Robert Novak spoke to a GOP lawmaker recently and seemed surprised to discover that the Republican was thoroughly unimpressed with the Bush White House’s congressional relations.
A senior Republican senator who avoids the headlines and tries to help President Bush as much as possible was discussing with me two weeks ago the problems of seeking Social Security reform. Then he said something that surprised me: “I have been around awhile, and this is the worst administration at congressional relations that I have ever been associated with.”
I checked with several Republicans in both the House and Senate, and all agreed more or less with that assessment.
Novak suggests this has something to do with poor personnel decisions. I have a different explanation: Bush disdains Congress.
I’m not just referring congressional Dems, though the president clearly has contempt for them too, but I mean the institution as a whole. Bush seems to find it terribly inconvenient that he has to deal with a co-equal branch of government that occasionally makes it difficult for him to get everything he wants exactly when he wants it. Congress, it seems, is a hard-to-tolerate institution that is best ignored and circumvented.
In a historical context, this makes some sense. The executive and the legislative branches were designed to be competing bodies, as part of a dynamic that ensures checks and balances. Presidents and lawmakers, in other words, are supposed to butt heads.
But one of the interesting parts of the current situation is the way in which a Republican president hates Congress despite its huge Republican majorities and the policy positions on which they all seem to agree.
The recent squabble over base closings is the latest in a series of examples. Late Friday evening, when the Bush gang makes moves it hopes to hide, the White House quietly announced it was sidestepping Congress altogether and appointing its own commission.
In an unusual rebuke of a senior senator from his own party, President Bush announced on Friday that by making recess appointments he had completed creation of a nine-member independent commission to review the Pentagon’s list of proposed base closings this year.
Senator Trent Lott, a Mississippi Republican who strongly opposes the coming round of base closings, has been holding up a vote by the full Senate since last month on Mr.
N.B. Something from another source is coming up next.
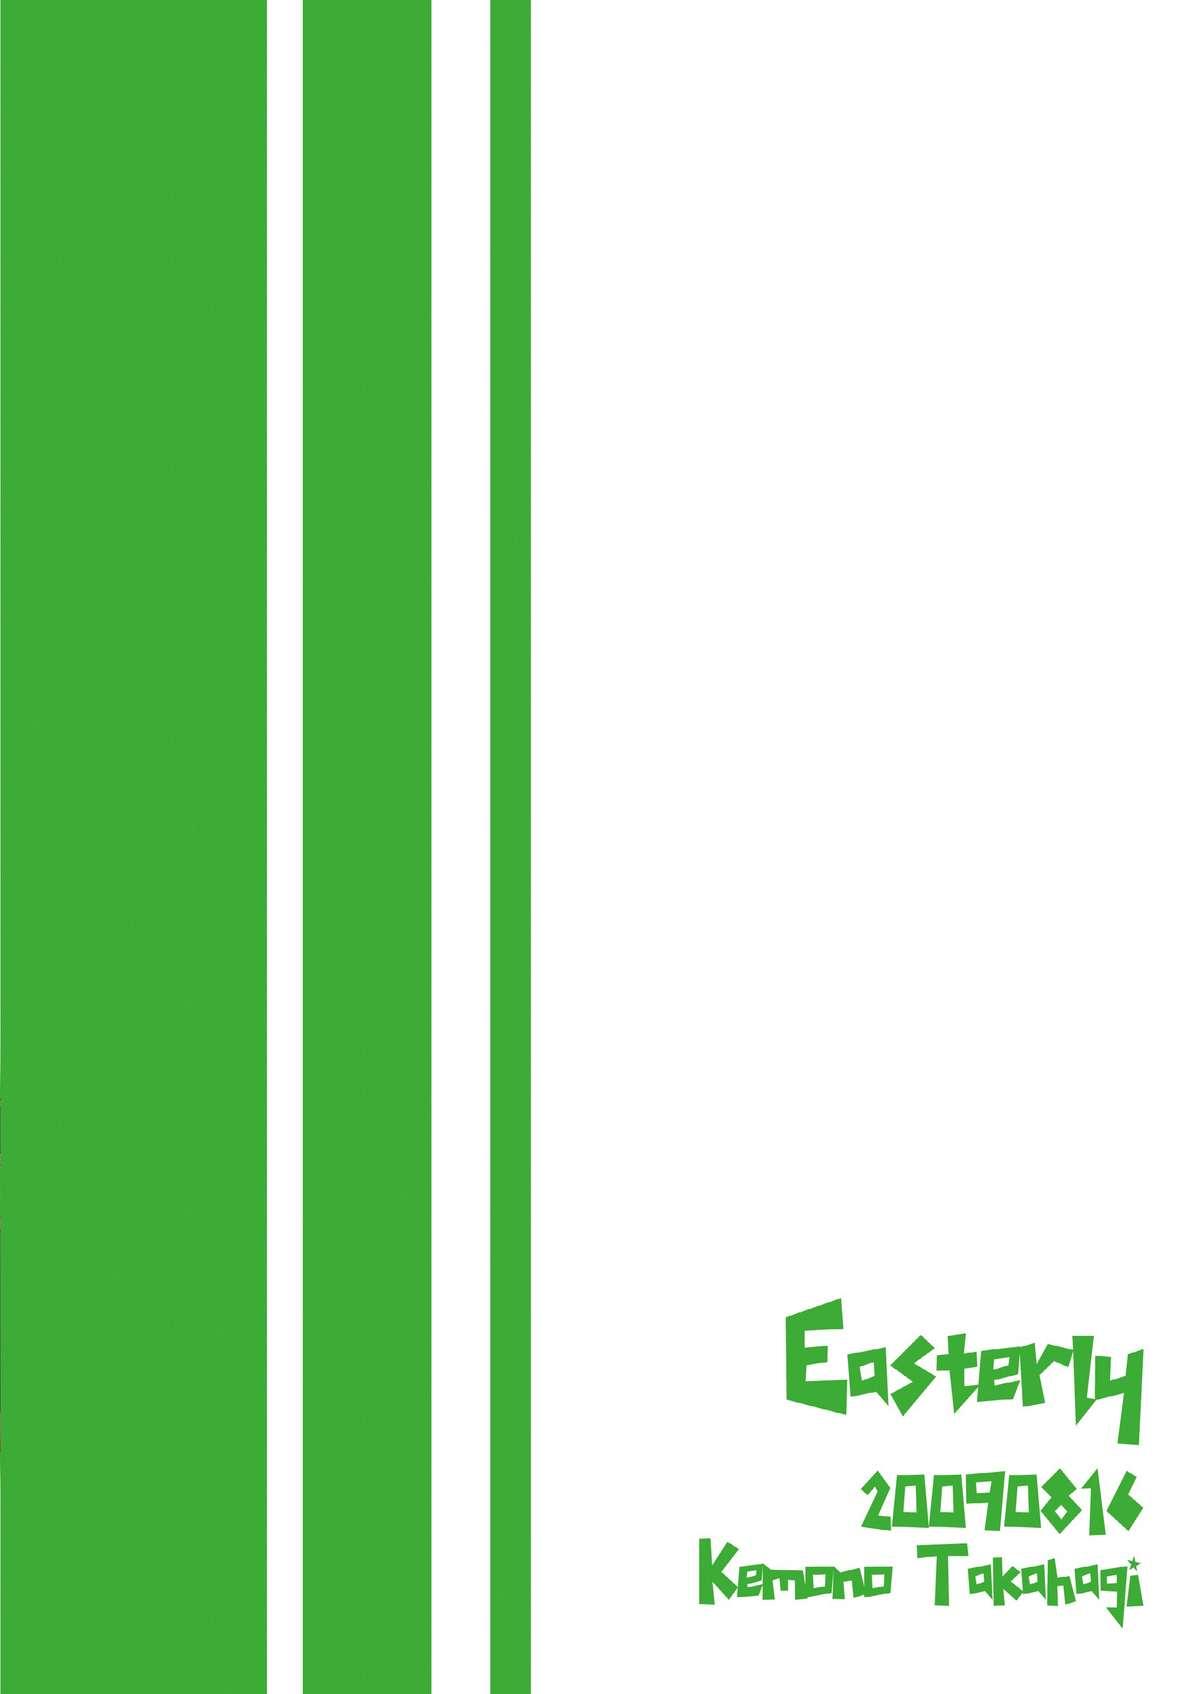 Easterly 23

Bush’s choice to lead the panel, Anthony J. Principi, a former secretary of veterans affairs, senior Republican aides said. Mr. Lott was expected to do the same to the panel’s eight other members if the Senate Armed Services Committee approved them, as expected, as early as next week, the aides said.
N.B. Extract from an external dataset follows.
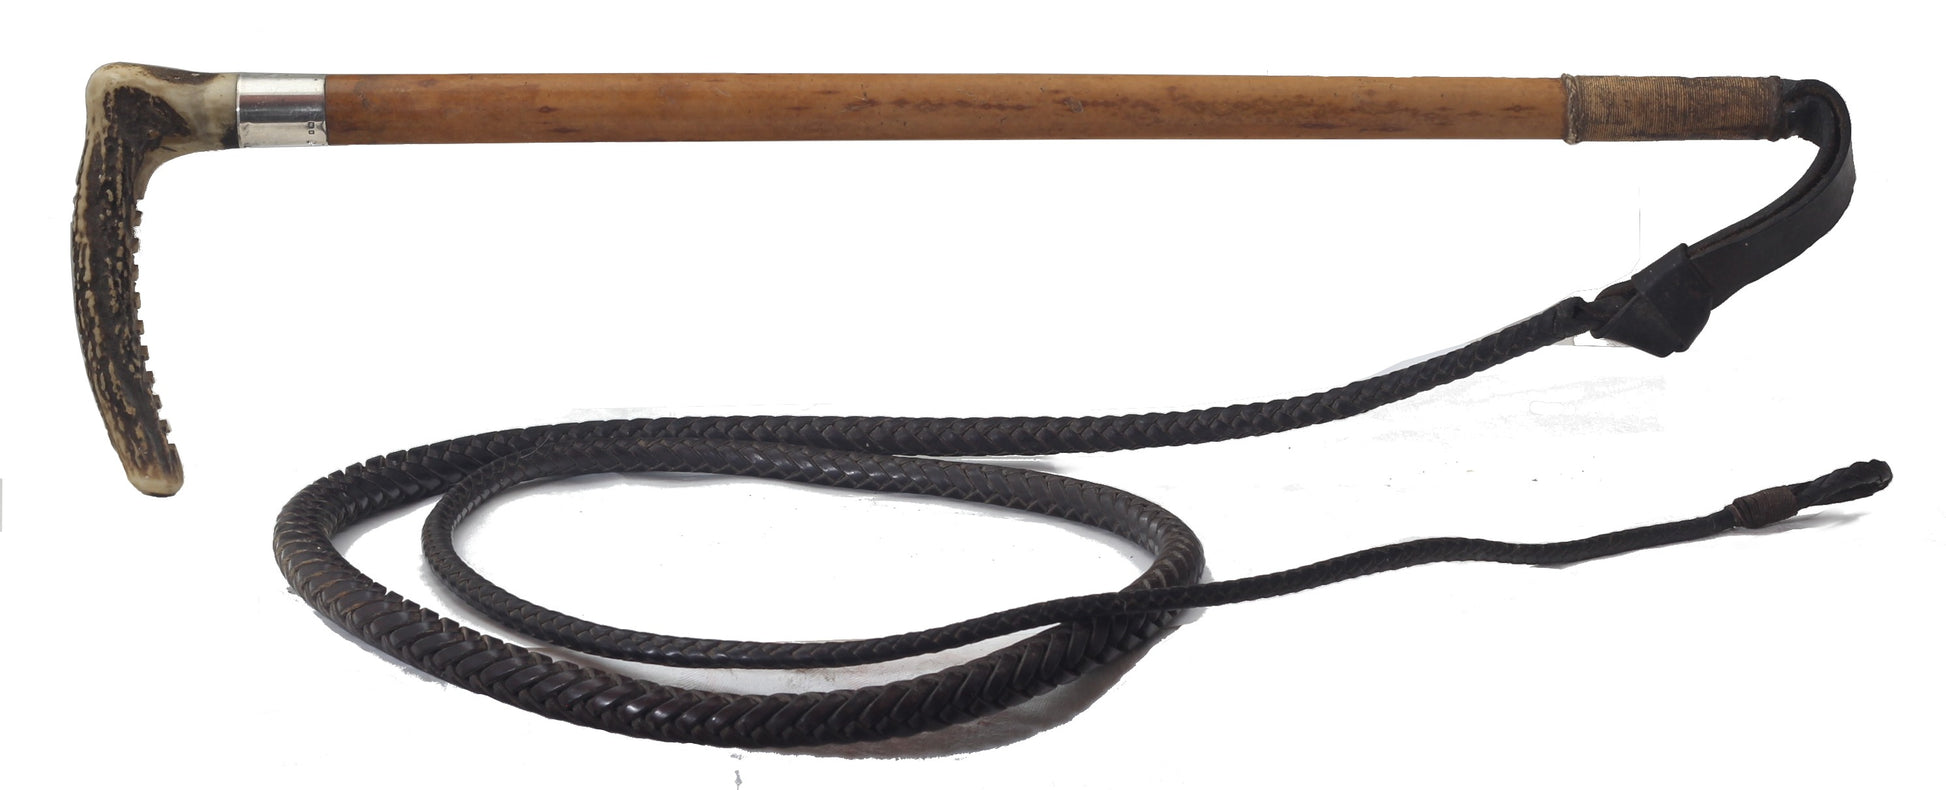 1933 Gents Malacca Hunting Whip by Jonathan Howell

But Mr. Bush dashed any plan Mr. Lott may have had to stymie the process, a precursor to the first major round of base closings in a decade, by appointing members to the panel while the Senate was in its spring recess, thus eliminating the requirement of Senate confirmation. The appointments expire at the end of the Senate’s session next year, long after the panel is scheduled to finish its work.
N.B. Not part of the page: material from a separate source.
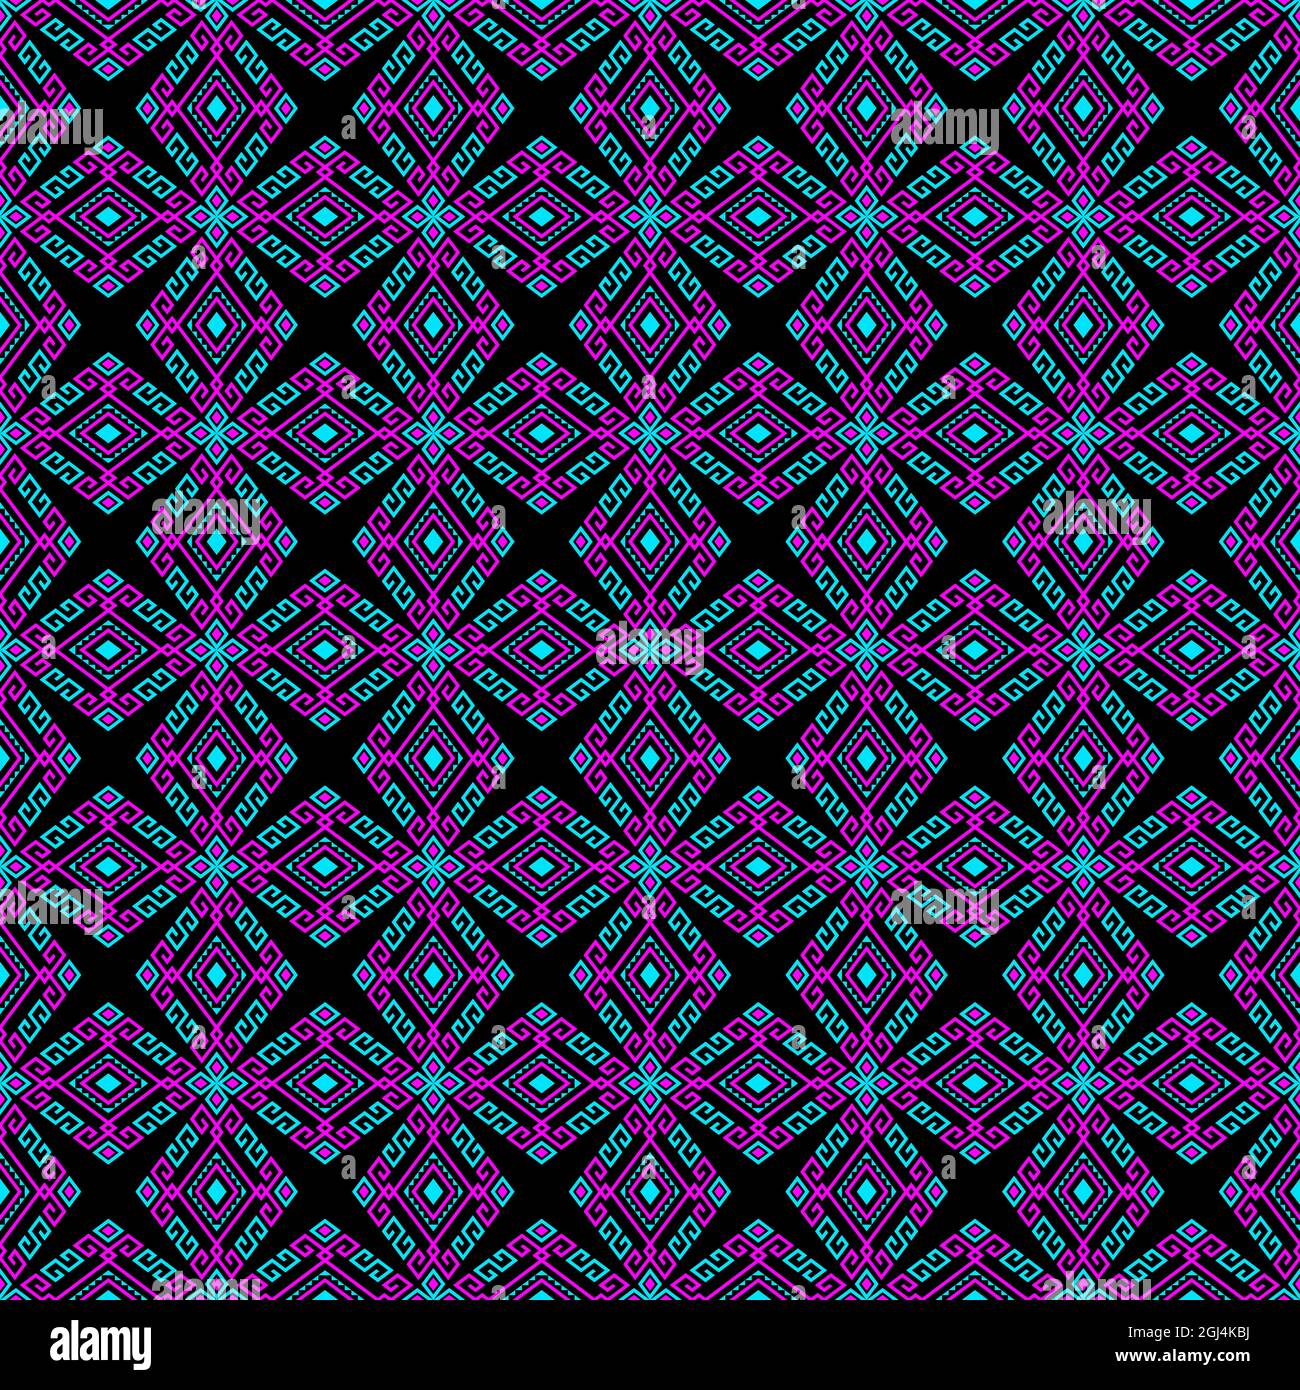 Magenta Turquoise Tribal or Native Seamless Pattern on Black

Bush could have negotiated with Lott, but why bother? It’s easier and more efficient to just circumvent Congress altogether than have to cooperate with a conservative lawmaker of the president’s own party.
It’s hardly a new problem; Bush has scorned the other end of Pennsylvania Avenue repeatedly. As Mary Lynn F. Jones explained last year:
…Bush misled Congress in July 2002 by spending $700 million lawmakers thought they had assigned to fight the war in Afghanistan, using it instead to plan the war against Iraq. As Bob Woodward told Mike Wallace, “Some people are gonna look at a document called the Constitution, which says that no money will be drawn from the Treasury unless appropriated by Congress. Congress was totally in the dark on this.”
It’s not the first time and you can bet it won’t be the last. In 2003, the administration hid the estimate of the Medicare prescription-drug plan to ensure that conservative lawmakers didn’t balk over the bill’s cost and vote the plan down. On numerous other measures, such as the No Child Left Behind bill, the administration put its mouth one place and its spending priorities somewhere else. And twice this year Bush has installed judges who could not win Senate confirmation, thwarting the Senate’s “advise and consent” role.
Of course, Bush has never prized Congress as a co-equal branch of government. Vice President Dick Cheney repeatedly ignored questions from the General Accounting Office about his energy panel. Some lawmakers complained after 9-11 that they got more information from news reports than from intelligence briefings.
Novak’s wrong; this has nothing to do with poor staffing at the congressional relations office and everything to do with a White House that simply has no desire to work with lawmakers — or anyone else who might be an obstacle to Bush getting everything he wants. Bush wants a rubber stamp and when he can’t have one, he’ll simply go around Congress, even when it’s lead by Republicans.